Он считал, что многолетняя работа Слободского в жанре пародии выработала у него обостренное чувство стиля.
— Больше всего пародия приносит пользу тому, кого пародируют, — сказал Твардовский. — То, что заложено на большой глубине, высмеять трудно. А то, что лежит на поверхности, — всегда легкая добыча пародиста. И нашему брату полезнее помнить об этом, чем обижаться.
Поэт любил прислушиваться к стихотворным импровизациям, умелому версификаторству, а сам импровизировать вслух не любил, во всяком случае, я редко слышал это. Впрочем, один такой экспромт, никем не записанный, помню. Это было уже после войны, в Бобруйске, куда перебазировался из Германии штаб фронта и где обосновалась наша редакция.
С демобилизацией писательской группы в отделе кадров ГЛАВПУРа не торопились, замена нам долго не прибывала. В редакции успели сочинить по этому поводу шуточную анкету: «Ваш любимый город?» — «Бобруйск». — «Ваша любимая песня?» — «Прощай, любимый город...» и т. д.

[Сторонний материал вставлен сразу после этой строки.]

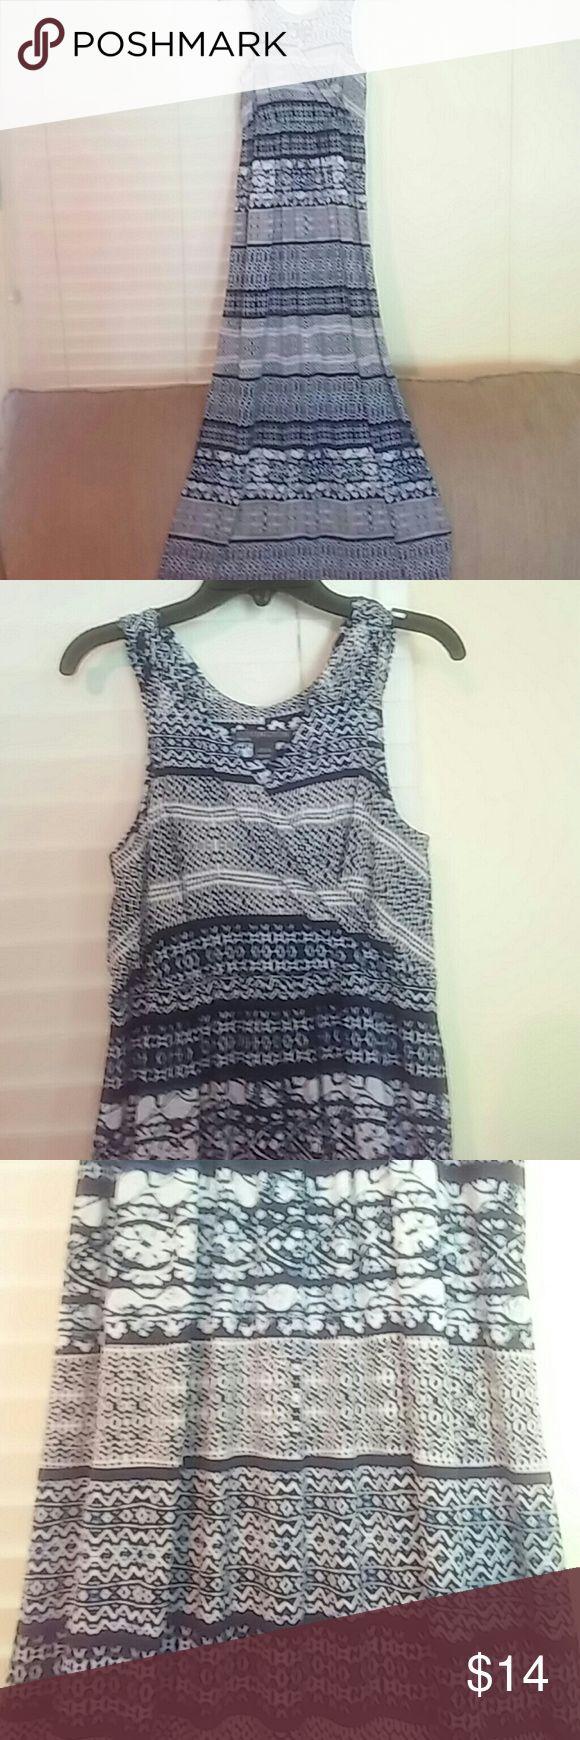 Covington Dress Petite Small Dark blue and white pattern stripped dress. Full length tank dress. Like new condition! Covington Dresses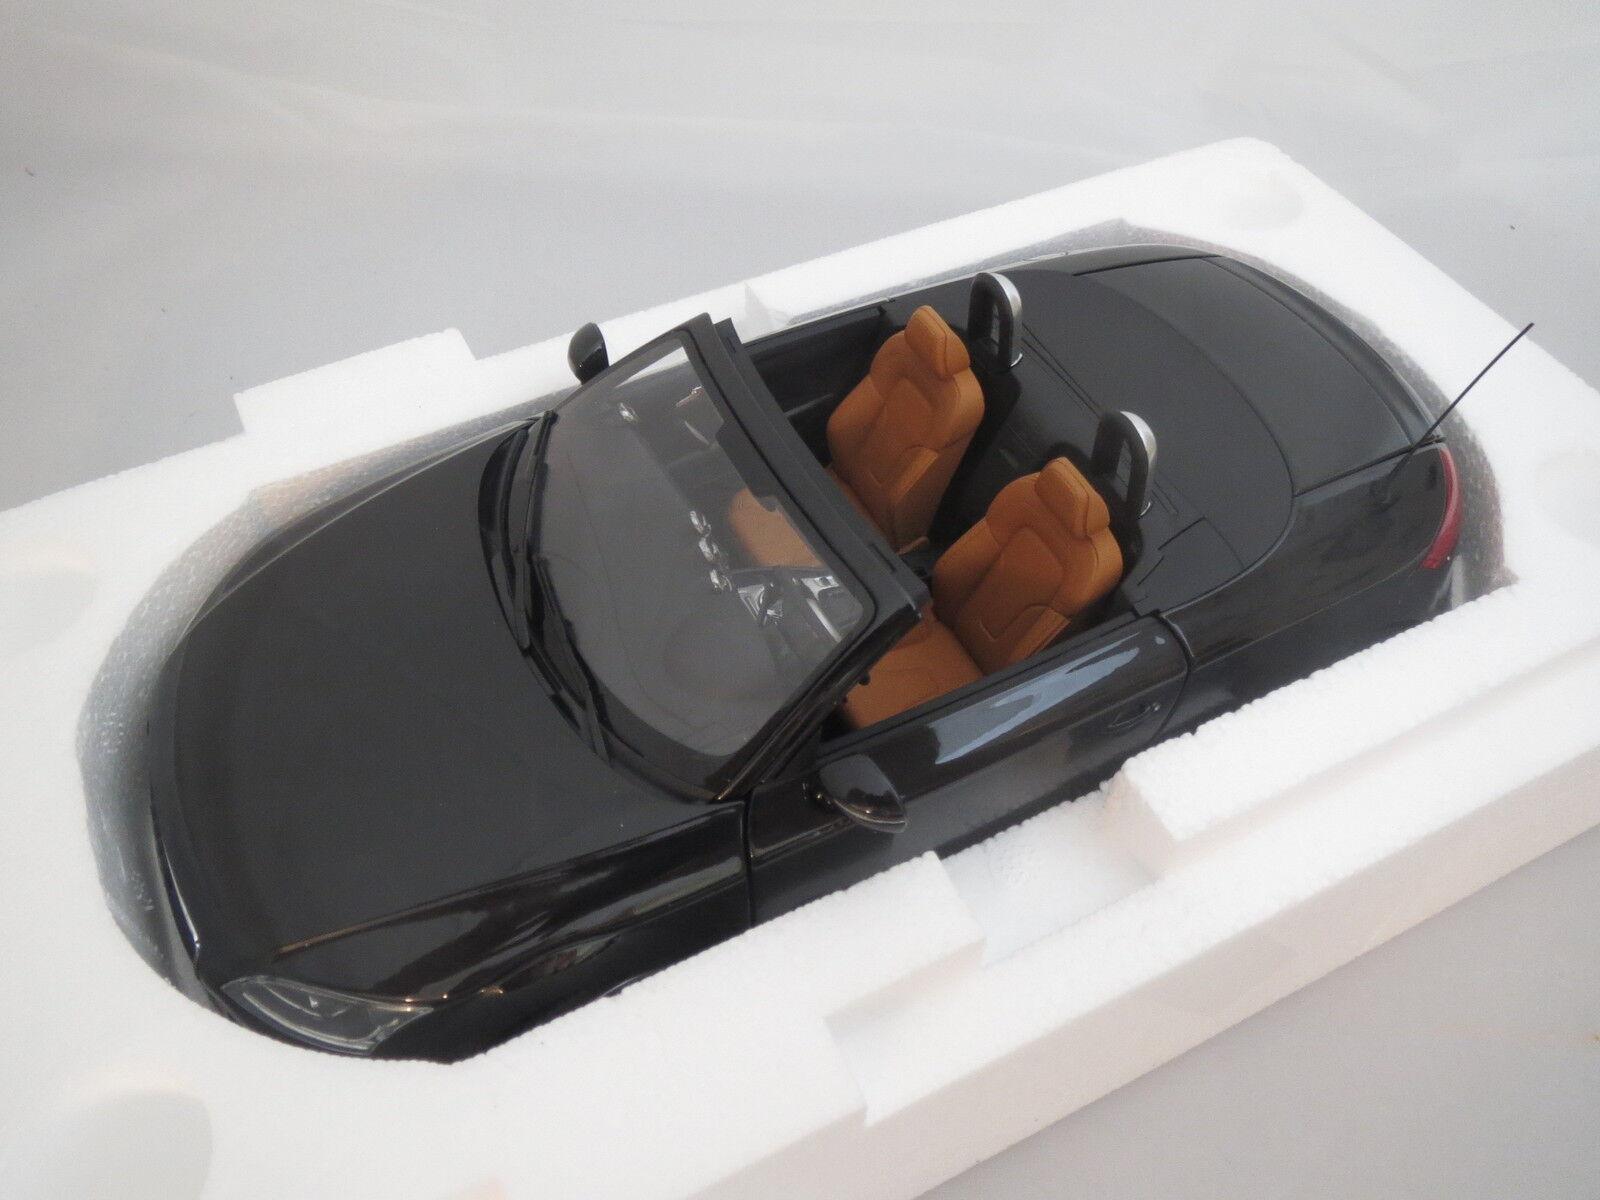 Minichamps AUDI ttroadster 2006 (Noir métallisé Marron) 1 18 OVP

Твардовского демобилизовали в редакции первым. Рано утром он пришел на форштадт, где жили О. Верейский и я, чтобы поделиться радостью — завтра возвращается в Москву. Уже выйдя за калитку, он полез в карман и протянул О. Верейскому трофейный карманный фонарь, длинный, круглый, о двух батареях.
На мгновенье он задумался, посмотрел на дом, где мы нашли пристанище, и продекламировал:
А мне Твардовский подарил тогда пачку чаю и стопку отличной бумаги трофейного происхождения. Он достал подарки из знакомого мне ларца. Уезжал он налегке, не обремененный никаким имуществом — малогабаритный чемодан и много повидавший на своем фронтовом веку вещевой мешок.
Провожая вечером Твардовского, мы пели его любимые песни: печальную «Перепелочку», «Моторы пламенем объяты», подслушанную у фронтовых летчиков, — она исполнялась на мотив старой шахтерской песни «Прощай, Маруся ламповая», песню фронтовых корреспондентов Блантера — Симонова; нашу доморощенную строевую «Полковник нам пример дает...», песню Соловьева-Седого — Фатьянова «Давно мы дома не были». И, конечно же, нашу «Шинель».